A year ago, Nortel had a net profit of $27 million. Revenue in the third quarter was $2.32 billion, a 14 percent decrease compared to a year ago. Nortel blames a challenging economic environment, competitive pressures and reduced spending by key carrier customers, especially in North America, for the drop, according to a statement.
The results for the quarter included a $2.07 billion charge for deferred taxes and a $1.14 billion goodwill write-off, related to its enterprise and metro Ethernet networks business segments.
The bad news doesn't end there; the company also lowered its guidance for the full year. Nortel now expects revenue to decline by around 4 percent compared to 2007. It previously stated that it expected a drop between 2 percent and 4 percent. Deteriorating economic conditions were also blamed for the weaker forecast. The unfavorable impact of foreign exchange will also take its toll, the company said.

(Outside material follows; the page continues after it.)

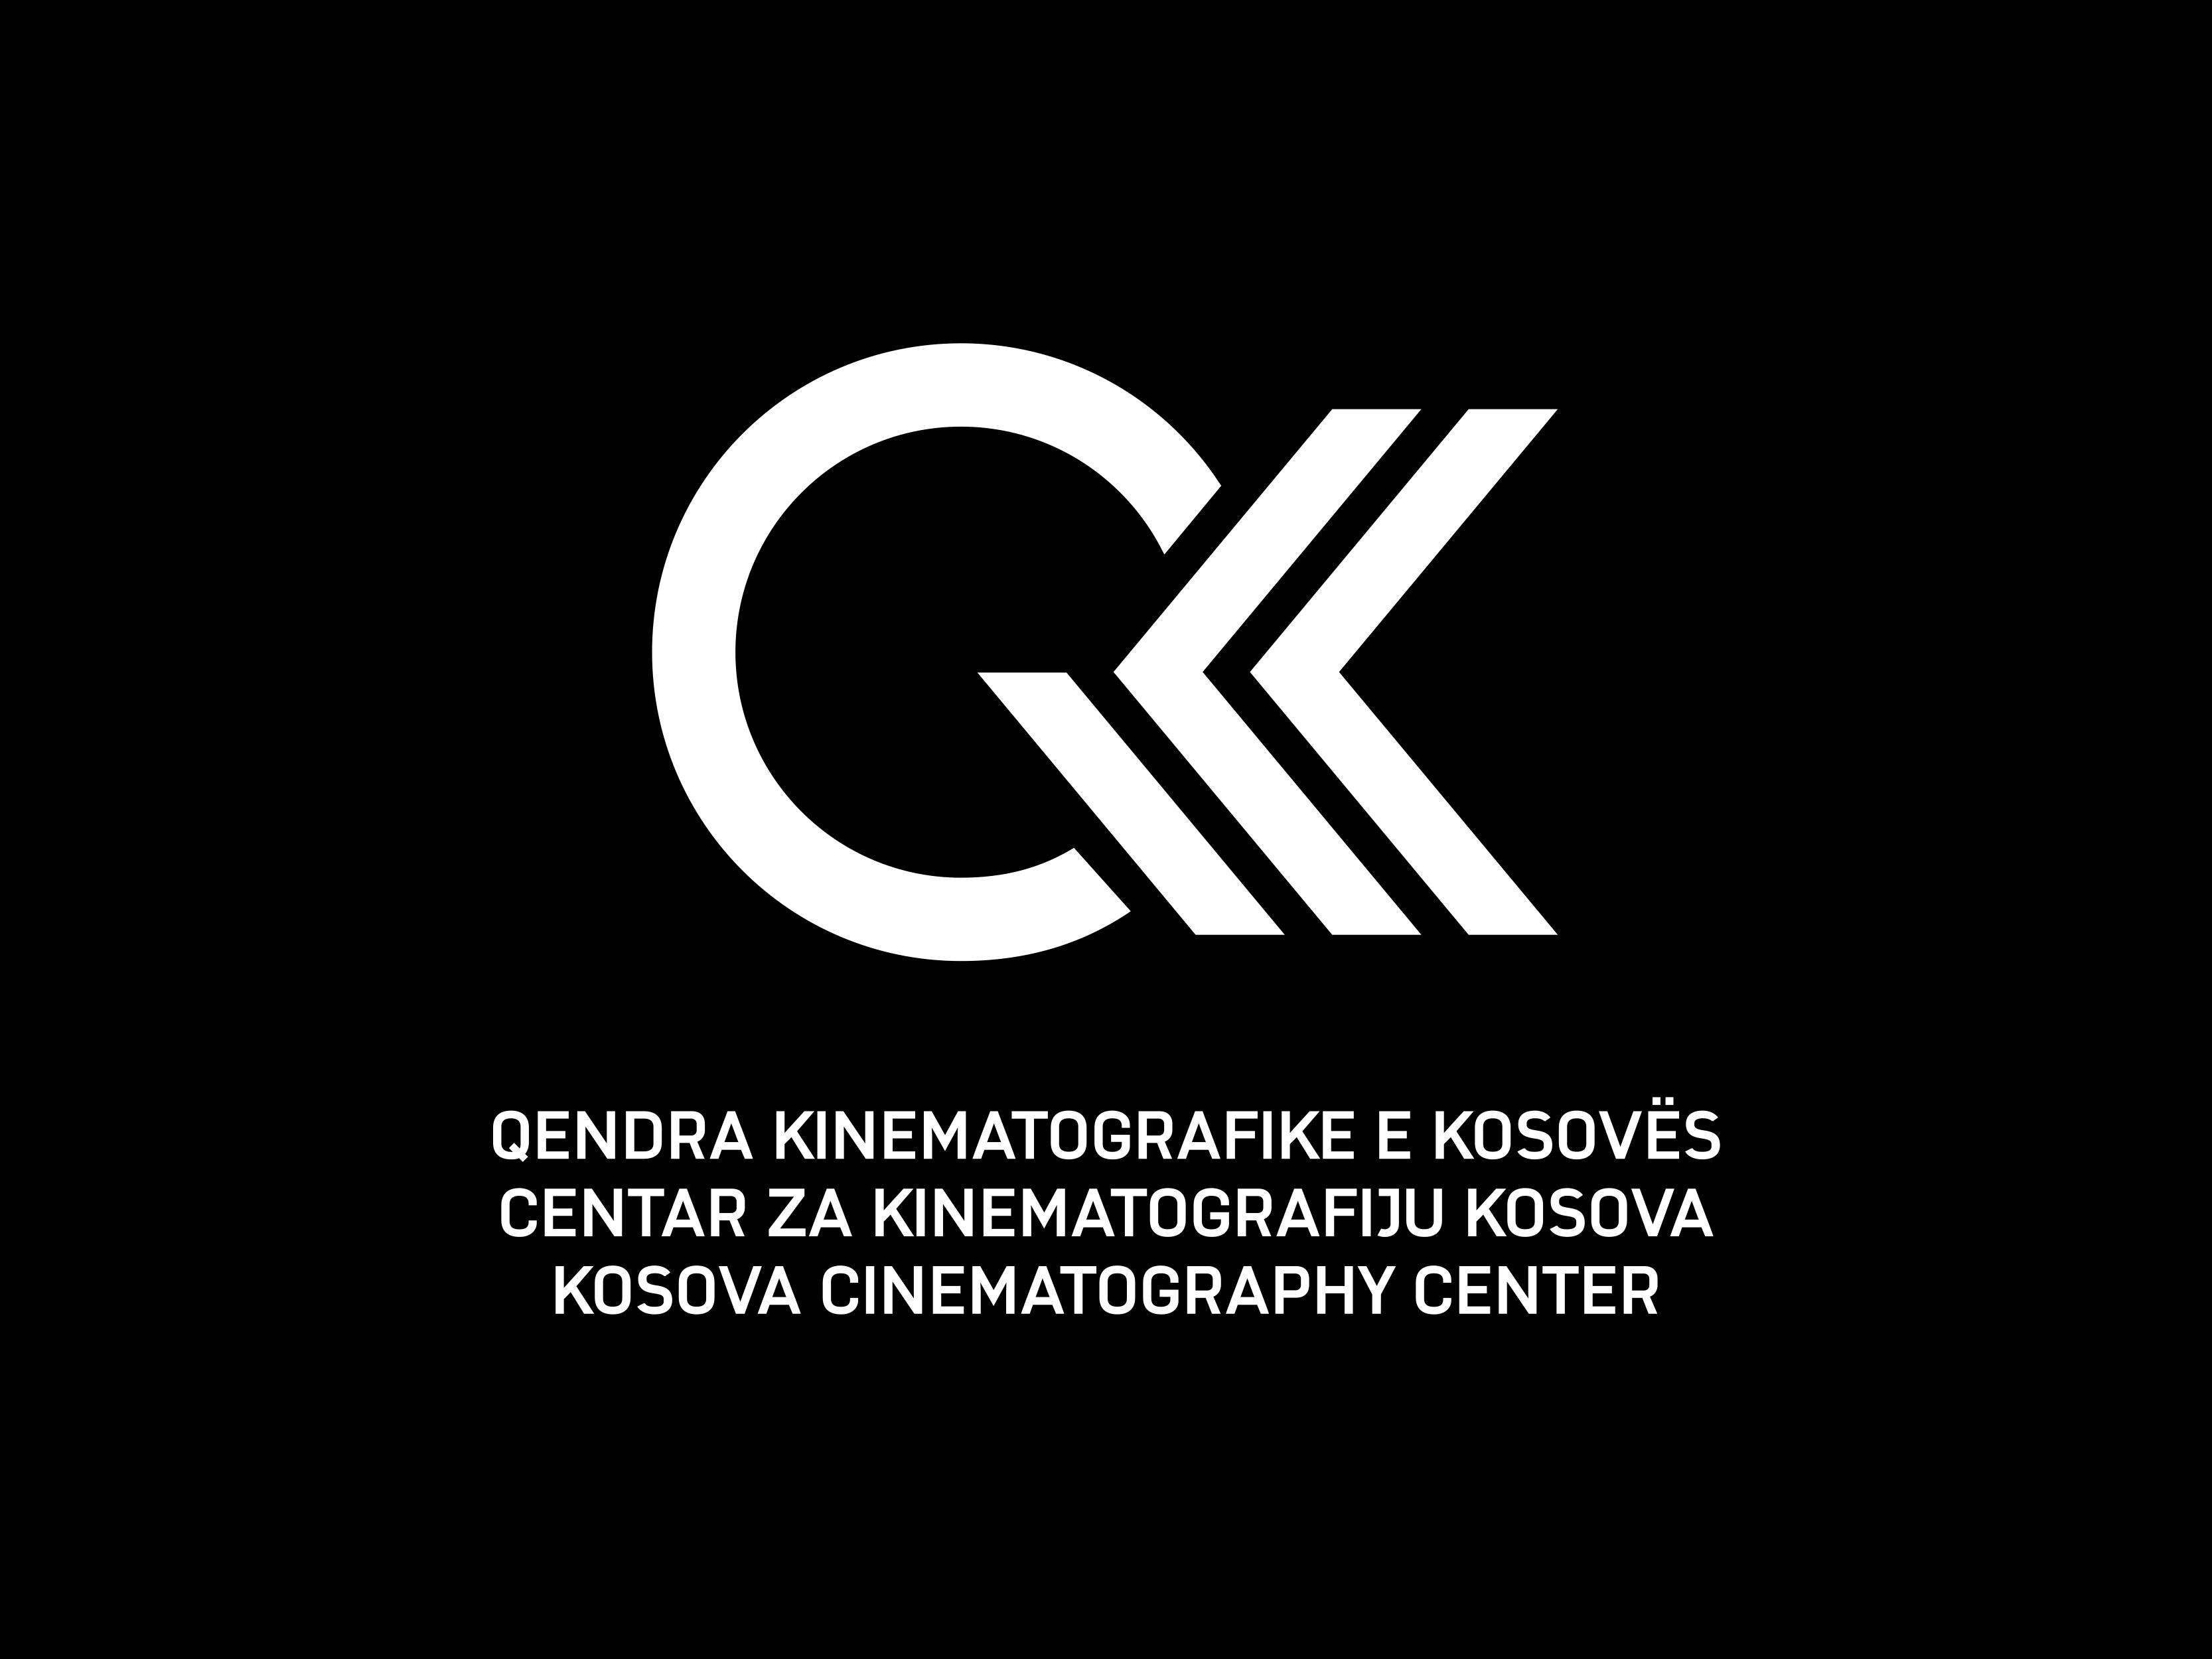 qkk_blackBG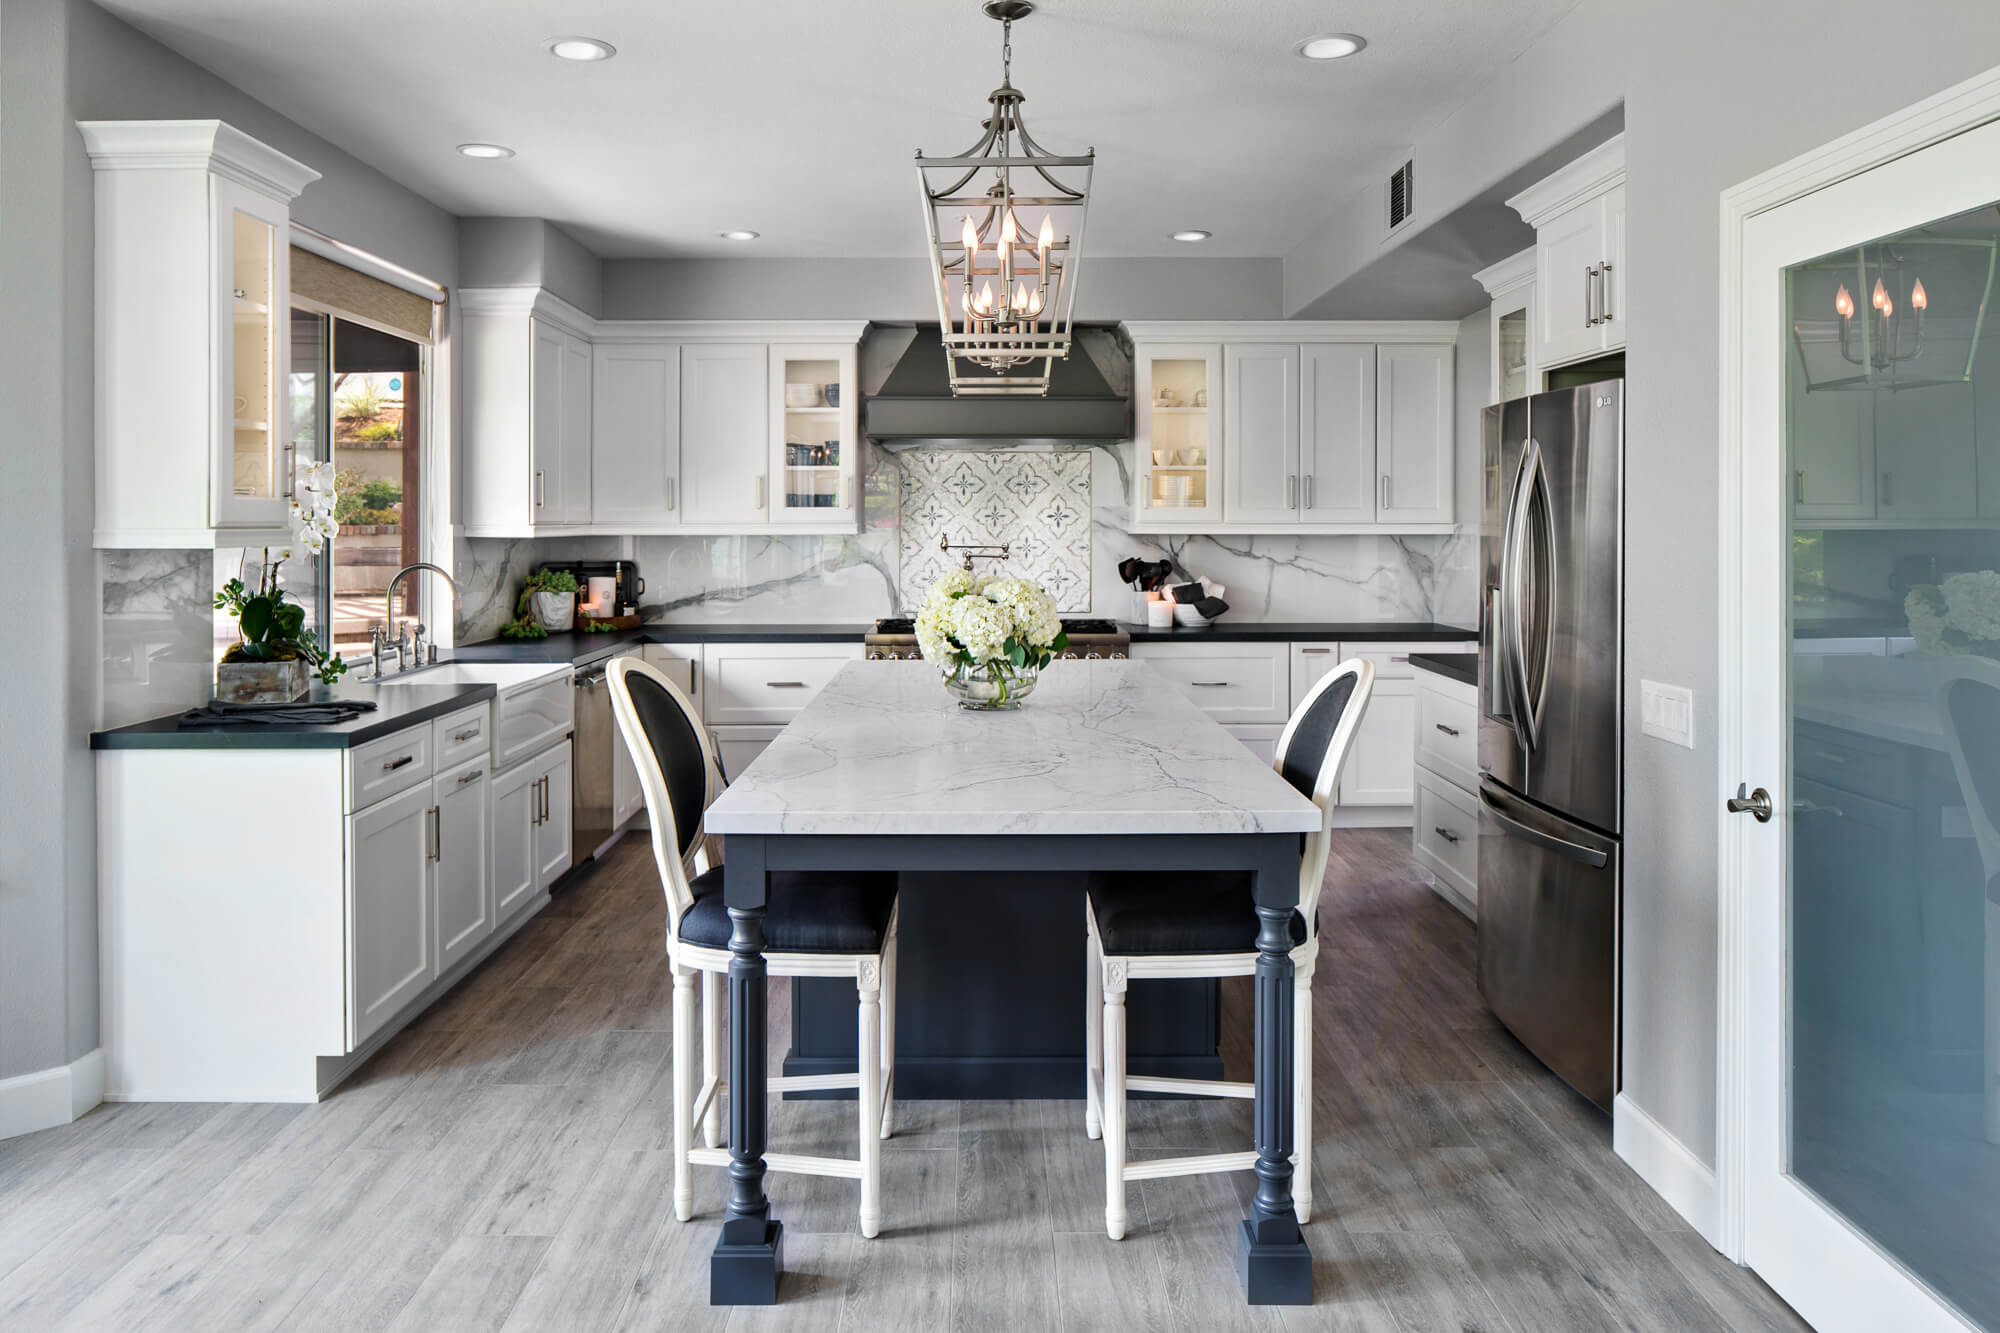 quartz-countertop-timeless-kitchen-design

Besides the plan to cut 1,300 jobs, Nortel also put in place a number of other measurements to reduce its corporate structure and lower costs, including freezing salaries, extending its existing hiring freeze through 2009 and making deeper cuts in discretionary spending.
Adding to that, the company will do a comprehensive re-evaluation of all real estate holdings, according to a statement.
In the end, CEO Mike Zafirovski wants to end up with "a simpler and leaner company," to be able to better compete, according to a statement.